Falling oil demand from China, high inventories and rising US shale production prompted Goldman Sachs to cut its forecast range for Brent oil by $5 to $70-85 a barrel.

Commercial inventories were flat in the peak summer demand season, contrary to expectations for draws, Wall Street bank analysts wrote in a note published by Investing.com.

Higher U.S. supply offset some of the seasonal demand, according to Goldman Sachs.

Efficiency gains among US producers boosted shale supply by 200,000 barrels per day (bpd) above investment bank expectations.

Higher supply from America and possibly from OPEC+ later this year and into 2025 has led Goldman Sachs to forecast Brent crude prices to average below $80 a barrel next year.

The current forecast is now for Brent to average $77 a barrel as OPEC+ could opt for a strategic move to add supply and punish non-OPEC+ growth, according to Goldman’s note published by Bloomberg.

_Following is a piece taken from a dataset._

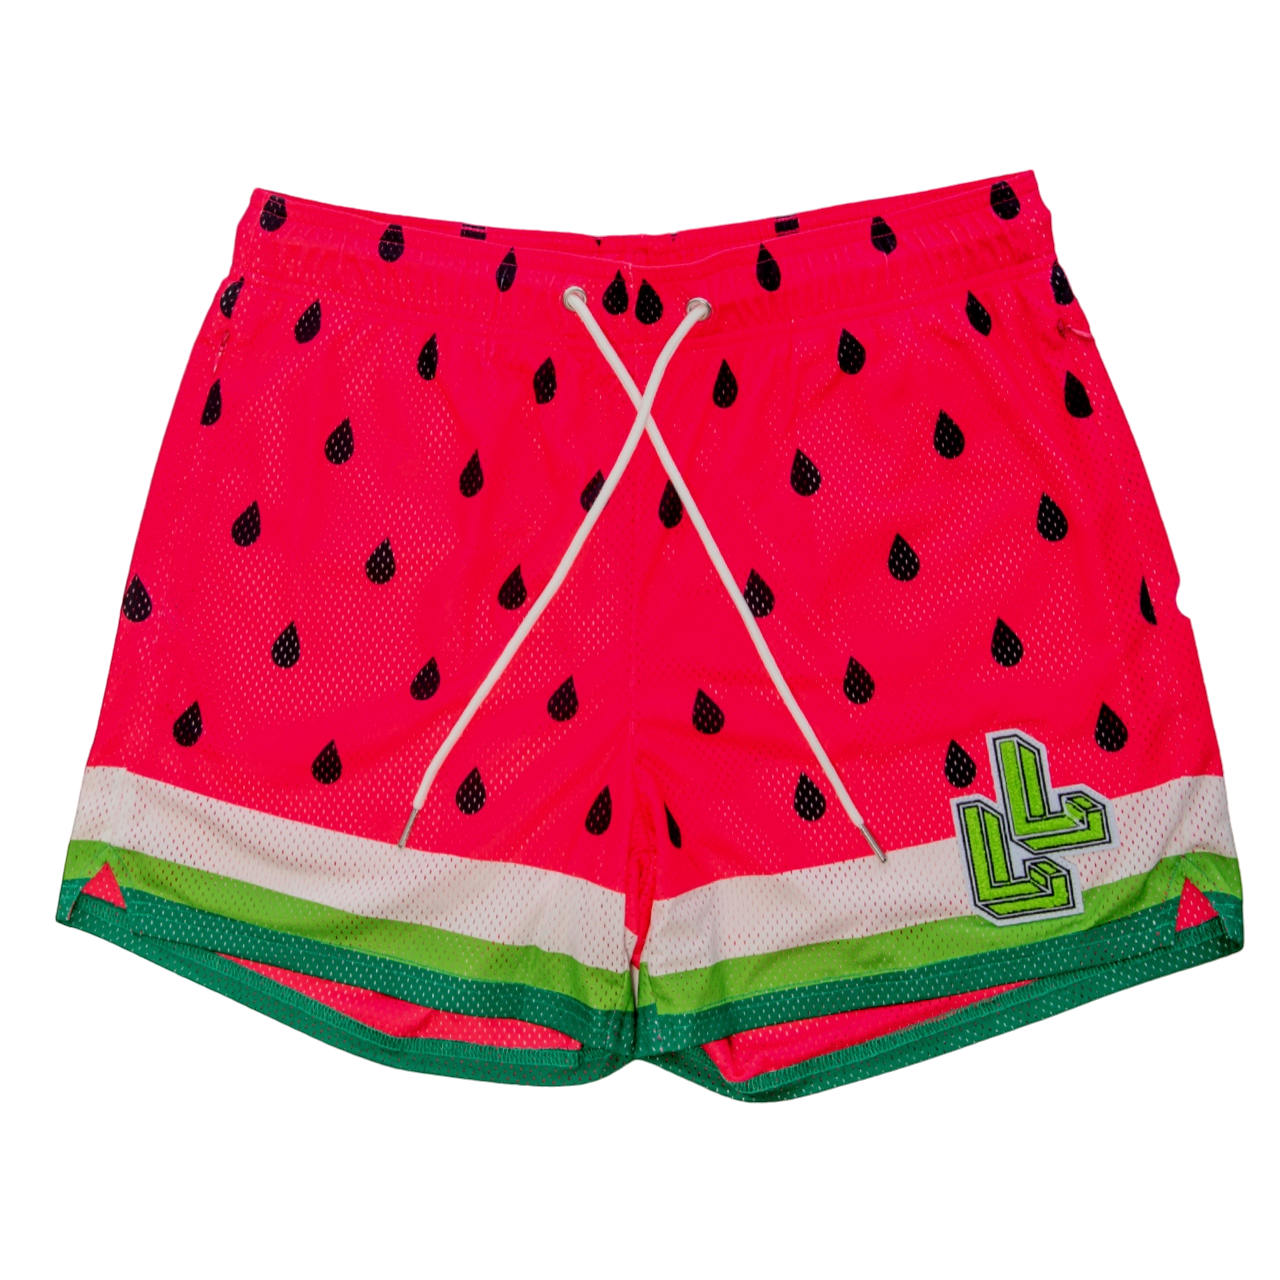 Watermelon workout shorts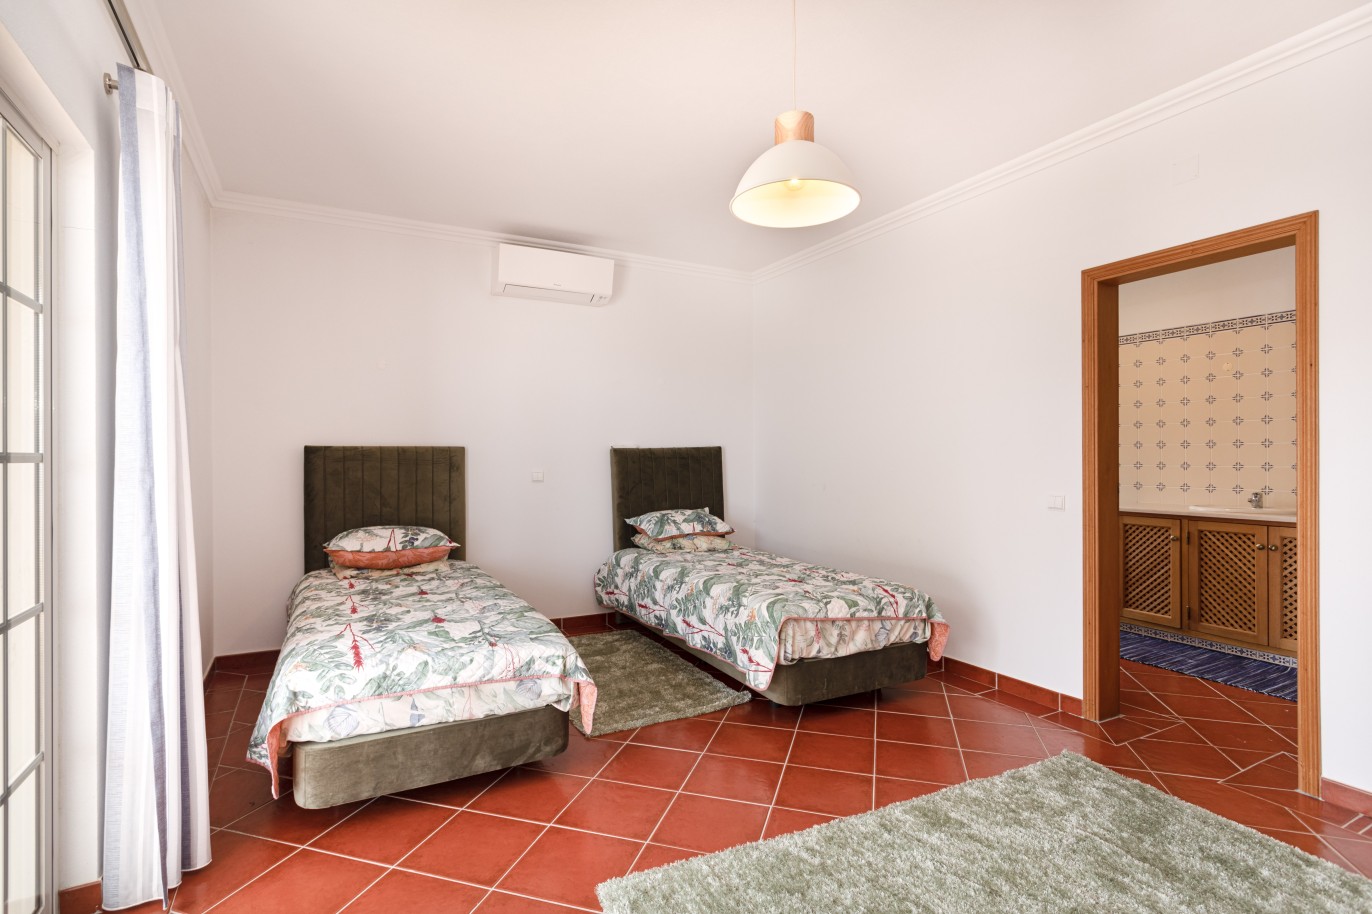 4-Bedroom Villa with swimming pool, for sale in Boliqueime, Loulé, Algarve_242635

OPEC+ could decide to add supply to the market in a move that could “strategically discipline non-OPEC supply,” Goldman Sachs analysts wrote.

“Prices could outperform significantly in the near term, especially if OPEC strategically discourages stronger US shale growth or if a recession reduces oil demand,” the bank’s analysts noted, referring to a scenario where Brent could trade lower than its price forecast.

Morgan Stanley recently revised its oil price forecasts lower, reflecting expectations of increased supply from OPEC and non-OPEC producers amid signs of weakening global demand. The bank now anticipates that while the crude oil market will remain tight through the third quarter, it will begin to stabilize in the fourth quarter and potentially move into surplus by 2025.

Morgan Stanley cut its fourth-quarter forecast to $80 a barrel, down from $85, and now expects prices to gradually fall to $75 a barrel by the end of 2025, slightly more lower than their previous estimate of $76.